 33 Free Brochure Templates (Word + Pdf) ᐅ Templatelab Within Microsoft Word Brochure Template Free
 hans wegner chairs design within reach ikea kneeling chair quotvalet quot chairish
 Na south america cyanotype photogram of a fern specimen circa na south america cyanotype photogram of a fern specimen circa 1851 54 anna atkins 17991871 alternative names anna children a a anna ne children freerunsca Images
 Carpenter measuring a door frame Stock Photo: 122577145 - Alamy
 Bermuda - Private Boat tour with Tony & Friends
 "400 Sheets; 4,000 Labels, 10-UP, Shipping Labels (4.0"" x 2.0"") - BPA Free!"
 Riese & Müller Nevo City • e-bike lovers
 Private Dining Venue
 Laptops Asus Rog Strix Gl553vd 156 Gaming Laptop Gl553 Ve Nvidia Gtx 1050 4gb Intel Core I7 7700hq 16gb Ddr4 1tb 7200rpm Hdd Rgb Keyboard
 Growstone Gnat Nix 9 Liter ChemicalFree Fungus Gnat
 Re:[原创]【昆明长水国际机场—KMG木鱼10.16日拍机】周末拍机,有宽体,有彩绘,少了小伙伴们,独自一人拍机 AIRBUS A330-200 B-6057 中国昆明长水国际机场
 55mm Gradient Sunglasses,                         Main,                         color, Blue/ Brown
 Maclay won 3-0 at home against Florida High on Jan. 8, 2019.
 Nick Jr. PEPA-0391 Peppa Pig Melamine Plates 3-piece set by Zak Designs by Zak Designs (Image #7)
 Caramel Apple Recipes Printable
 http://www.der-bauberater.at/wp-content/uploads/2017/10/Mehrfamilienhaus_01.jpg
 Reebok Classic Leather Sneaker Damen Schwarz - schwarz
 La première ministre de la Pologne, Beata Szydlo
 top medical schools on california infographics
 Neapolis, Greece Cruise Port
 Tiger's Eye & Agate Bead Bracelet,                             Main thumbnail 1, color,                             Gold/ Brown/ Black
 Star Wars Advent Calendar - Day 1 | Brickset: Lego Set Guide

• • • • • • •

▶ [Task statement]:
Bring together all lines in the records where the word "Private" is found.

▶ [Response area]:
 Bermuda - Private Boat tour with Tony & Friends
 Private Dining Venue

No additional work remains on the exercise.